Dawei Li


C3KG: A Chinese Commonsense Conversation Knowledge Graph
Dawei Li | Yanran Li | Jiayi Zhang | Ke Li | Chen Wei | Jianwei Cui | Bin Wang
Findings of the Association for Computational Linguistics: ACL 2022

Existing commonsense knowledge bases often organize tuples in an isolated manner, which is deficient for commonsense conversational models to plan the next steps. To fill the gap, we curate a large-scale multi-turn human-written conversation corpus, and create the first Chinese commonsense conversation knowledge graph which incorporates both social commonsense knowledge and dialog flow information. To show the potential of our graph, we develop a graph-conversation matching approach, and benchmark two graph-grounded conversational tasks. All the resources in this work will be released to foster future research.

Fine-grained Contrastive Learning for Definition Generation
Hengyuan Zhang | Dawei Li | Shiping Yang | Yanran Li
Proceedings of the 2nd Conference of the Asia-Pacific Chapter of the Association for Computational Linguistics and the 12th International Joint Conference on Natural Language Processing (Volume 1: Long Papers)

Recently, pre-trained transformer-based models have achieved great success in the task of definition generation (DG). However, previous encoder-decoder models lack effective representation learning to contain full semantic components of the given word, which leads to generating under-specific definitions. To address this problem, we propose a novel contrastive learning method, encouraging the model to capture more detailed semantic representations from the definition sequence encoding. According to both automatic and manual evaluation, the experimental results on three mainstream benchmarks demonstrate that the proposed method could generate more specific and high-quality definitions compared with several state-of-the-art models.

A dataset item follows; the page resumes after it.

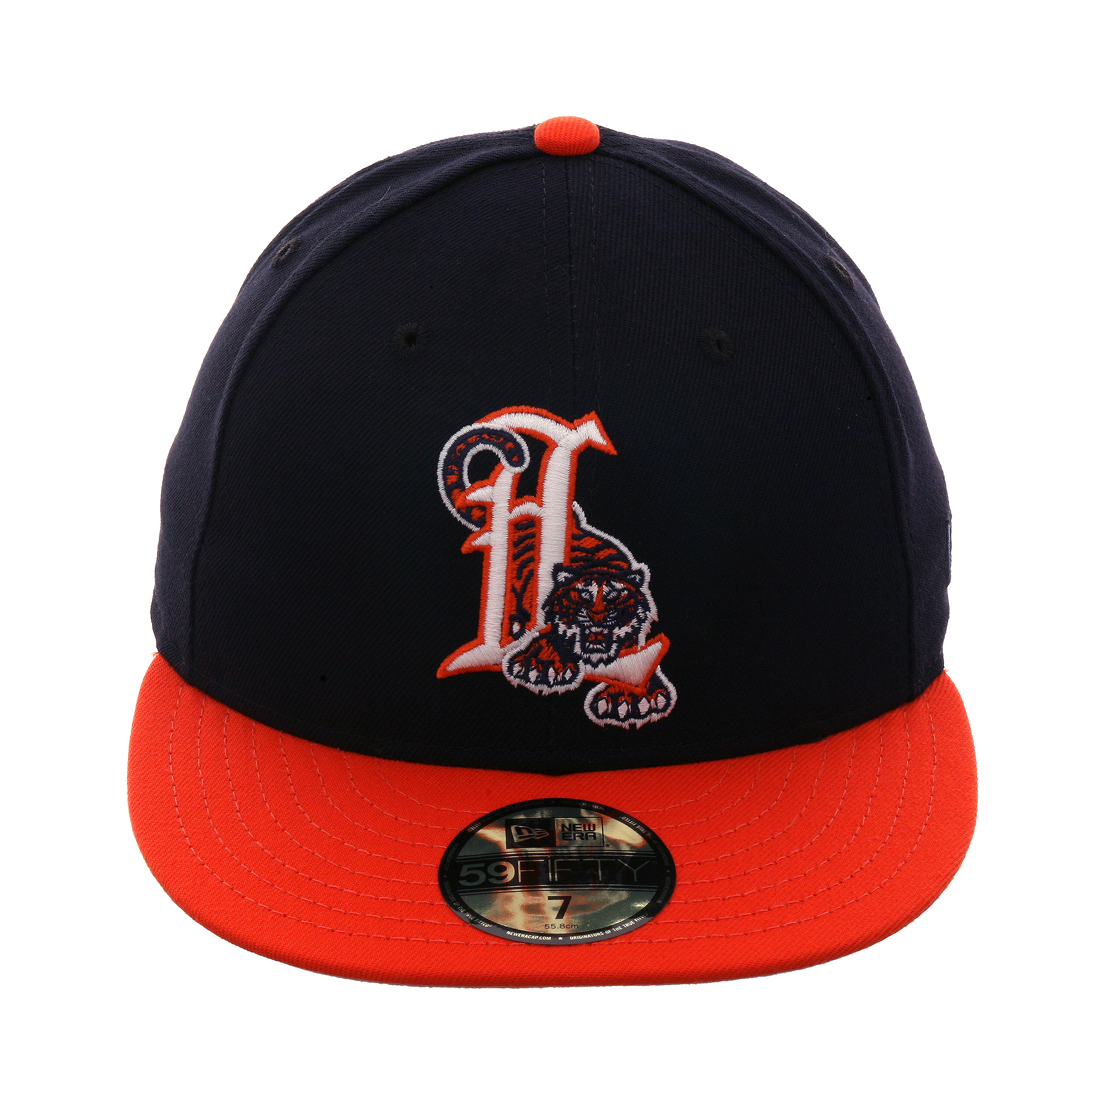 c2c27a9518b Exclusive New Era 59Fifty Lakeland Tigers 1994 Hat

YUN-HPCC at SemEval-2019 Task 3: Multi-Step Ensemble Neural Network for Sentiment Analysis in Textual Conversation
Dawei Li | Jin Wang | Xuejie Zhang
Proceedings of the 13th International Workshop on Semantic Evaluation

This paper describes our approach to the sentiment analysis of Twitter textual conversations based on deep learning. We analyze the syntax, abbreviations, and informal-writing of Twitter; and perform perfect data preprocessing on the data to convert them to normative text. We apply a multi-step ensemble strategy to solve the problem of extremely unbalanced data in the training set. This is achieved by taking the GloVe and Elmo word vectors as input into a combination model with four different deep neural networks. The experimental results from the development dataset demonstrate that the proposed model exhibits a strong generalization ability. For evaluation on the best dataset, we integrated the results using the stacking ensemble learning approach and achieved competitive results. According to the final official review, the results of our model ranked 10th out of 165 teams.